I thought Blackhawk Down was quite a lot a fun and a fairly decent film, actually. its propaganda value was not all that obvious as the film EASILY gave itself to an anti-war interpretation. Most “propaganda” in the States sin’t in the form of movies, but of Television news.

Actually, the milirary itself could give A rat's ass about manipulating the society. The American military is actually quite an interesting and critical organization. The problem in America is actually prepurchased chickenbhawk congressmen who've never picked up a gun while bullets whizzed past their ears rattling sabers and using the Military to solve All issues.

               H3M

i haven’t done any seriously critical studying of the film, but as far as i know, though it may have a slight “anti-war” spin on it, the underlying premise is that the US military was there to “do good” and “fight evil” (you know how that goes). the propaganda element of the film concerned the actual events, and that (false) representation of those events in the film, not the overall “tone” (whether it was an “anti-war” or “pro-war” sort of film).

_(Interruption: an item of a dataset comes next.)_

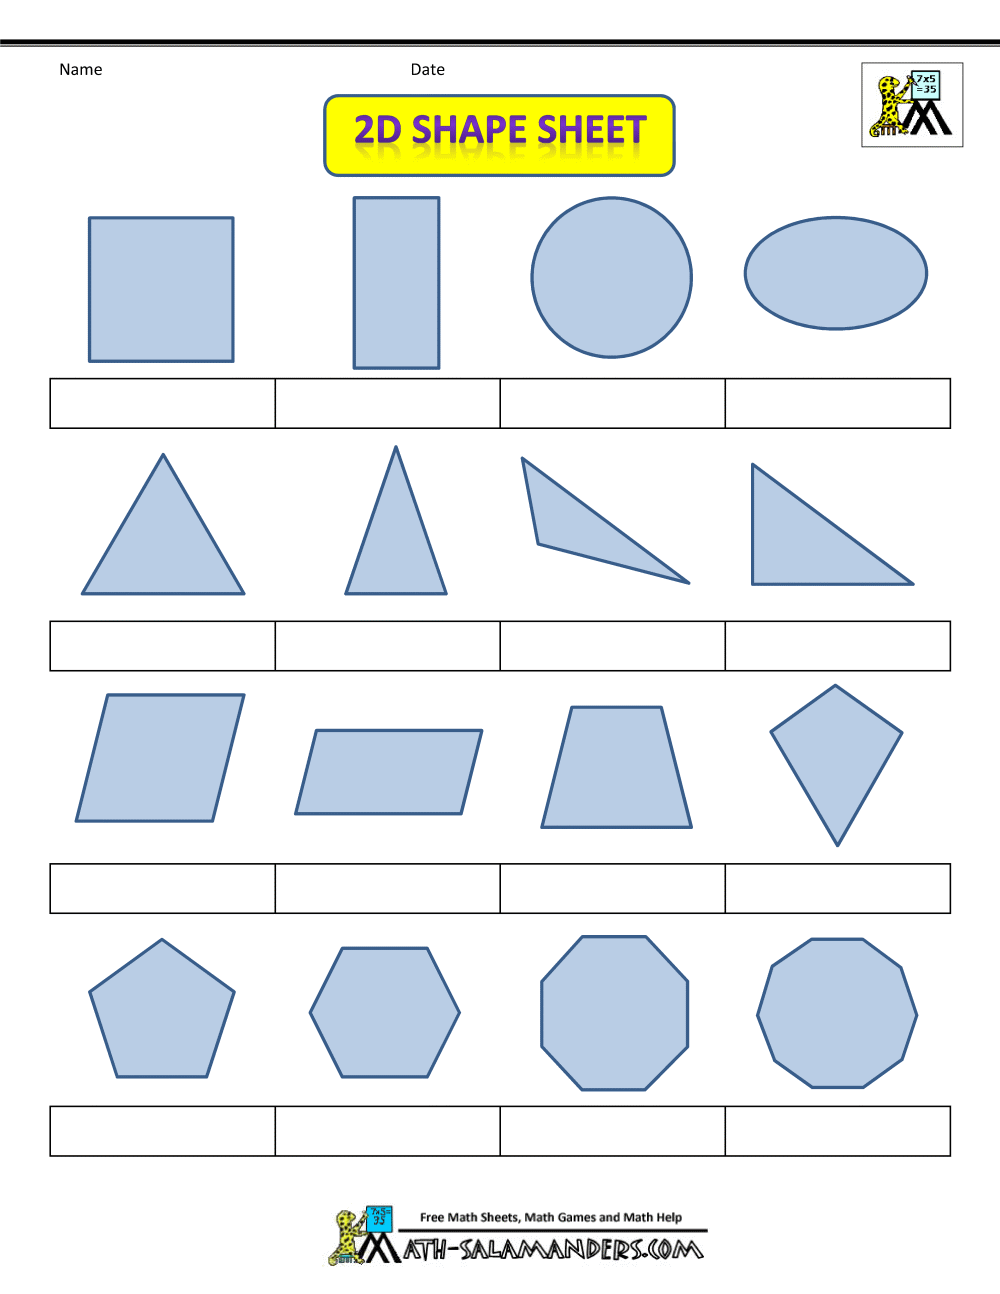 22 D And 22 D Shapes - Lessons - Blendspace With Regard To 2 Dimensional Shapes Worksheet

the whole article is here, complete with an alternative description of the events that took place in Somalia:
http://www.zmag.org/content/ForeignPolicy/MonbiotBlackHawk.cfm

]

Actually, why in the hell did we go to Somalia?

hahha i can’t give you a total play-by-play …i haven’t done any serious digging on that topic. but i’m on it, buddy. that article does have some interesting stuff in it though… to balance out all of the mainstream propagandizing.

at the moment in australia we are heading up to a major election, and the current government is coming under some heavy flak for the amount of tax payers money that it is spending on advertising. i really dont know how blatant political advertising or what some people would call propaganda is, but in australia its a very fine line. an example of the miniscule differences is the recnet set of ads on our health care system. the government argues that they were merely informing the public about changes, however this was done i a way that clearly cast the government in a favourable light, and had almost no actually informative value. this is more the sort of thing we get here in terms of propaganda, ads “informing the citizens” but only really aiming to promote the party.

the other way in which we might be being cooerced is through the news that we are presented with every day. the only problem with mounting an argument about the political bias of reporting in the medai, is that there is nothing to compare it to. all the major sources for information on the war in iraq were amrican new outlets such as CNN or NBC and so we have no opposing information to compare the reports of thes networks to. i heard a theory the other day that the beheading of the american soldier was a cia conspiracy to turn opinion against the iraqis, but like everything else in this war, there is just no way to know either way, where its propaganda or not.